A different, less extreme form of
objectification is how the narrator of “White Tigers” is married off (Hong Kingston, 31). She is married off as if
she is an object, or a product in a store, not a human being with feelings and
opinions of her own. This idea that she can be sold like this is dependent on a
concept of inferiority – the narrator is treated as less valuable than those
around her, even as less than human. But in “The Ballad of Fa Mu Lan,” she is
looked up to, as depicted in the way her entire family waits in anticipation
for her return, her sister putting on makeup to look her best, her little
brother sacrificing animals to please her (Tzu-Yeh, 5). Her family appreciates
and admires her, whereas the narrator of “White Tigers” is viewed by her family
as a product to be sold. The narrator of “White Tigers” is dehumanized and
treated as a mere object, which makes her less heroic because real heroes
should be looked up to, not looked down upon.
Another
reason that she seems less heroic is that she is completely prepared and
equipped to go to war. Firstly, she has received state of the art training from
two old people her entire childhood. They have transformed her from the clumsy
novice she was at the beginning, “When I stepped carelessly and mussed a line,
my feet kicked up new blends of earth colors, but the old man and old woman
walked so lightly that their feet never stirred the designs by a needle” (Hong
Kingston, 21) into this graceful, agile being, “I could jump twenty feet into
the air from a standstill, leaping like a monkey over the hut” (Hong Kingston,
23). The original Fa Mu Lan, on the other hand, had absolutely no preparation,
and was thrust into battle – and survived – as the clumsy novice the narrator
of “White Tigers” was as a child. Fa Mu Lan, instead, had grown up learning far
more mundane tasks, like weaving (Tzu-Yeh 1). Yet despite this, she went into
battle and survived while the generals around her “[died] in a hundred battles”
(Tzu-Yeh 3). She is your standard storybook hero who comes from humble and
average beginnings and yet manages to accomplish great feats. This makes her
seem far more heroic than the narrator of “White Tigers” – clearly Mu Lan’s
success must’ve came from natural talent and skill buried deep inside her, the
narrator of “White Tigers” survived battle because her preparation had infused
her with these skills.
Not
only was she better prepared, but the narrator of “White Tigers” also had more
resources, like a perfect horse with a perfect saddle (Hong Kingston, 35) and
her own army (Hong Kingston, 36). Fa Mu Lan, meanwhile, does not have her own
army to defend and support her, and must buy a cheap horse and saddle from
market rather than having hers miraculously gifted to her (Tzu-Yeh, 2). Indeed,
it is a recurring theme that the narrator of “White Tigers” is just given
things that Fa Mu Lan actually had to work for.

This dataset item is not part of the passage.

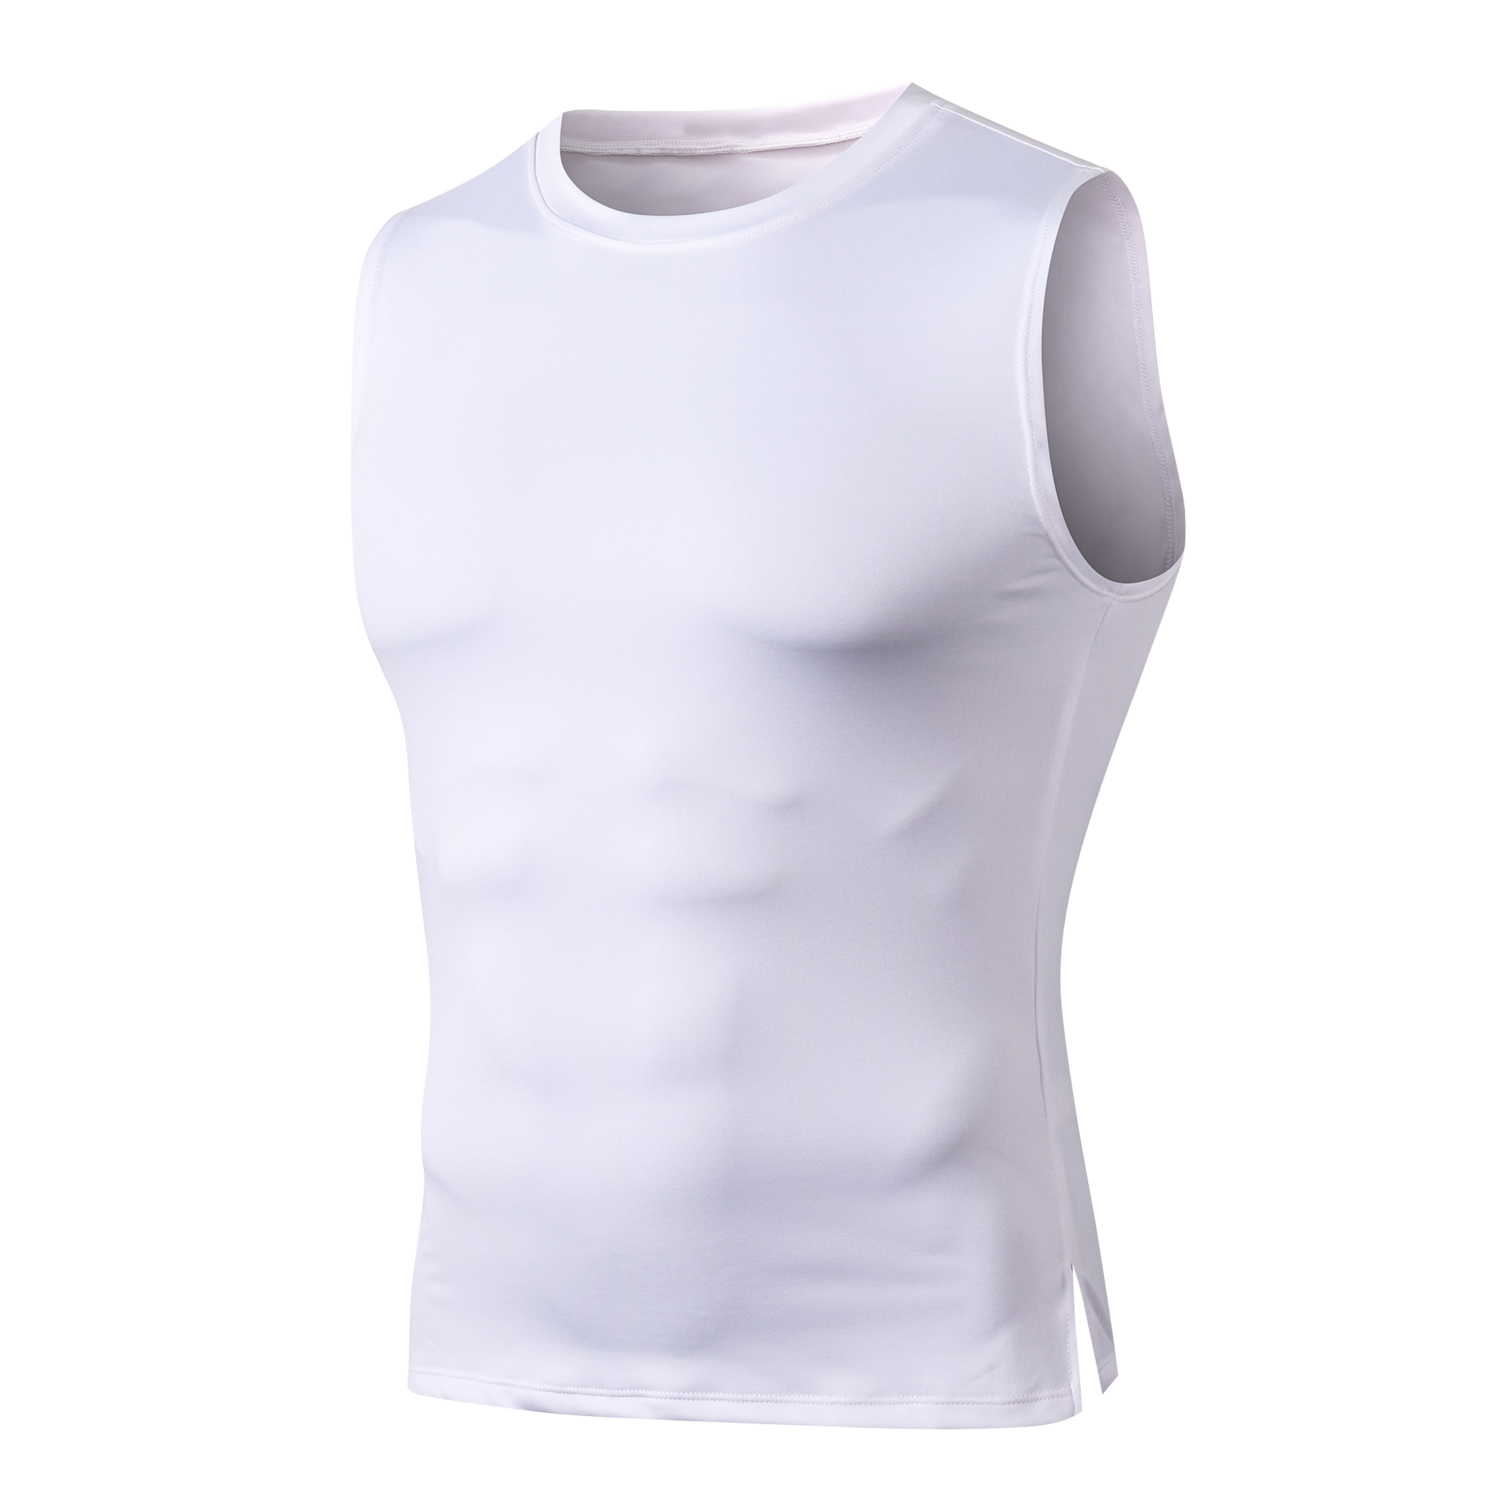 Chinjane Men's Skinny Tight White Compression Base Layer Sleeveless T-Shirt

Another example is the magical
weapons that she masters during training and brings with her to war, such as “I
could point at the sky and make a sword appear, a silver bolt in the sunlight,
and control its slashing with my mind” (Hong Kingston, 33). She literally has a
magical indestructible sword, with which she foils giants and other foes. As far
as we know, Fa Mu Lan had to deal with whatever makeshift weapons she could
find, and yet she survived the war. It seems far less of an achievement that
the narrator of “White Tigers” survived the war considering that she had so
much help, whereas Fa Ma Lan seems more heroic for surviving war singlehandedly
with no experience. Heroes are people who are special, who work hard so that
they can do what ordinary people cannot. Yet any person given the resources and
training that the girl from “White Tigers” was given could probably survive the
war. So there really is nothing special, and by extension nothing heroic, about
her.
Going
off of the idea of her not being special, she may seem special while in battle,
but once she returns home she takes up “farmwork and housework” (Hong Kingston,
45), very mundane, average tasks. While at war she did seem special in that she
was the general of the army that defeated many opponents and unseated the
tyrannical emperor to replace him with one of their own, when you think about
it all of her success came from other people. She would not have gone to war if
it hadn’t been for the pressure of her family, and without her training,
equipment, and army, she wouldn’t have lasted the night. When Fa Mu Lan returns
home her future is left undecided, but that seems to indicate she has options –
she could go out and fight in another war, who knows. She takes off her wartime
gown, but she doesn’t incinerate it, so it is still a possibility. But whatever
Fa Mu Lan chooses to do next, she still has her success and unlike the
narrator, it came truly from herself – it’s something she can be proud of. She
is irreversibly a hero, it is now a part of her identity. The fact that the
narrator was able to throw away any heroic parts of her so easily indicates
that she is not really a hero.
Furthermore,
the reason why the narrator in “White Tigers” seemed less heroic than the
original Fa Mu Lan whom Hong Kingston is developing upon is because of the way
Hong Kingston fills in the gaps in the tale. If her intention was to create a
more fully fleshed-out character, Hong Kingston only partially succeeds; we are
given more information about the character as we watch her transition from
childhood to adulthood, and yet this information comes mainly from other
characters – we still get very little about the character herself, what she
likes, what she wants, etc. What we are given only serves to weaken and
dehumanize her. Admittedly, “The Ballad of Fa Mu Lan” is very vague and one
could do a lot with it, so Hong Kingston could’ve easily gone in and made her
version the even more likeable, heroic, admirable figure. But she didn’t – she
creates a character who is a tool in the aspirations of others. As far as why
she does it this way, the clues may lay buried in the Afterword, where Hong
Kingston explains how growing up, girls were given no opportunities to do
something meaningful. They were looked down upon and objectified. Her culture
treats women awfully, and “The Ballad of Fa Mu Lan” is one of the most deep-rooted
parts of her culture. So maybe it is possible that her motive can be summed up
in the phrase near the beginning of her narrative “She said I would grow up a
wife and a slave, but she taught me the song of the warrior woman, Fa Mu Lan”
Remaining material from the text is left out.